20200124/DuckDuckGo puppet parse json string from command
20200124/https://stackoverflow.com/questions/43729915/parse-a-json-string-in-puppet
20200124/https://ask.puppet.com/questions/28878/how-to-handle-json-data-in-puppet/
20200124/https://puppet.com/docs/puppet/latest/http_api/pson.html
20200124/https://tickets.puppetlabs.com/browse/MODULES-9195

In particular, if you are reading the output of a “shell backticks” command, Unicode characters will be translated and represented in the Puppet native form. Which is what? UTF-8… strings are just sequences of bytes, but in the future, all strings may be required to be valid UTF-8.
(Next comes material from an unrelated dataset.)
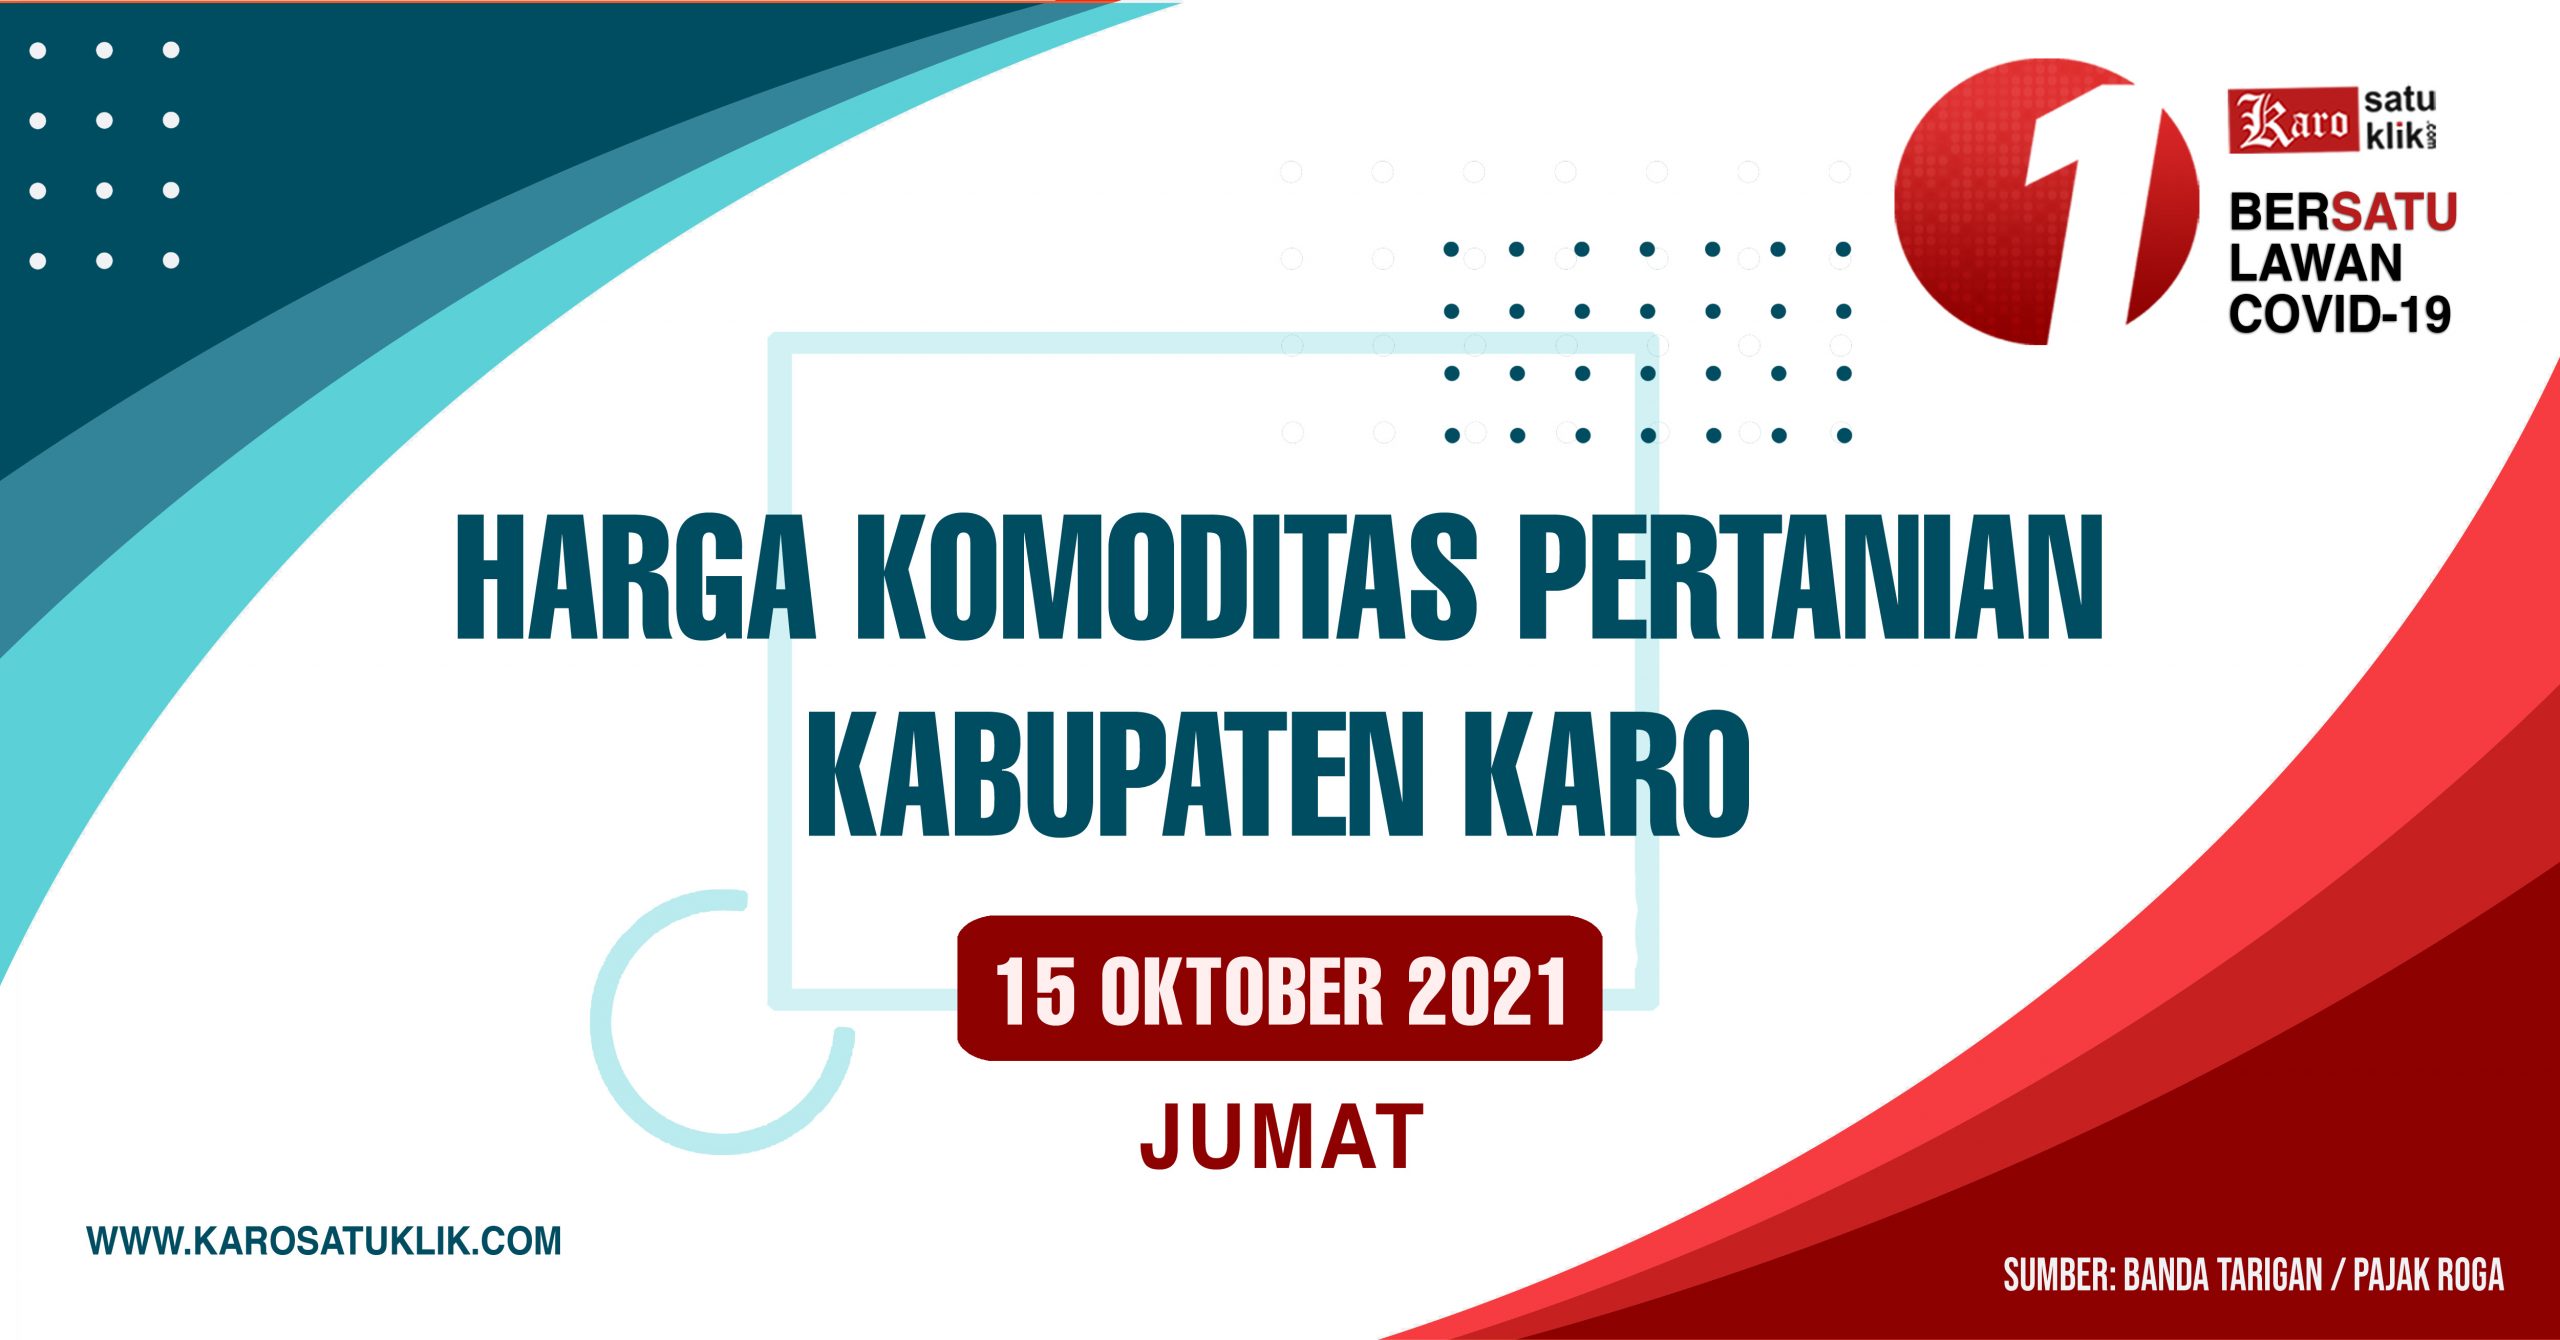 Daftar Harga Komoditas Pertanian Kabupaten Karo, 15 Oktober 2021

20200124/DuckDuckGo puppet string literal syntax
20200124/https://puppet.com/docs/puppet/latest/lang_data_strings.html

Here’s how to do “shell backticks” in Puppet. You create a dynamic template string and then evaluate it.

20200124/DuckDuckGo puppet backticks
20200124/DuckDuckGo puppet command stdout string
20200124/https://stackoverflow.com/questions/33800565/how-to-store-linux-command-output-into-a-variable-in-puppet

How do you print a debug string in Puppet? Just use notice("...").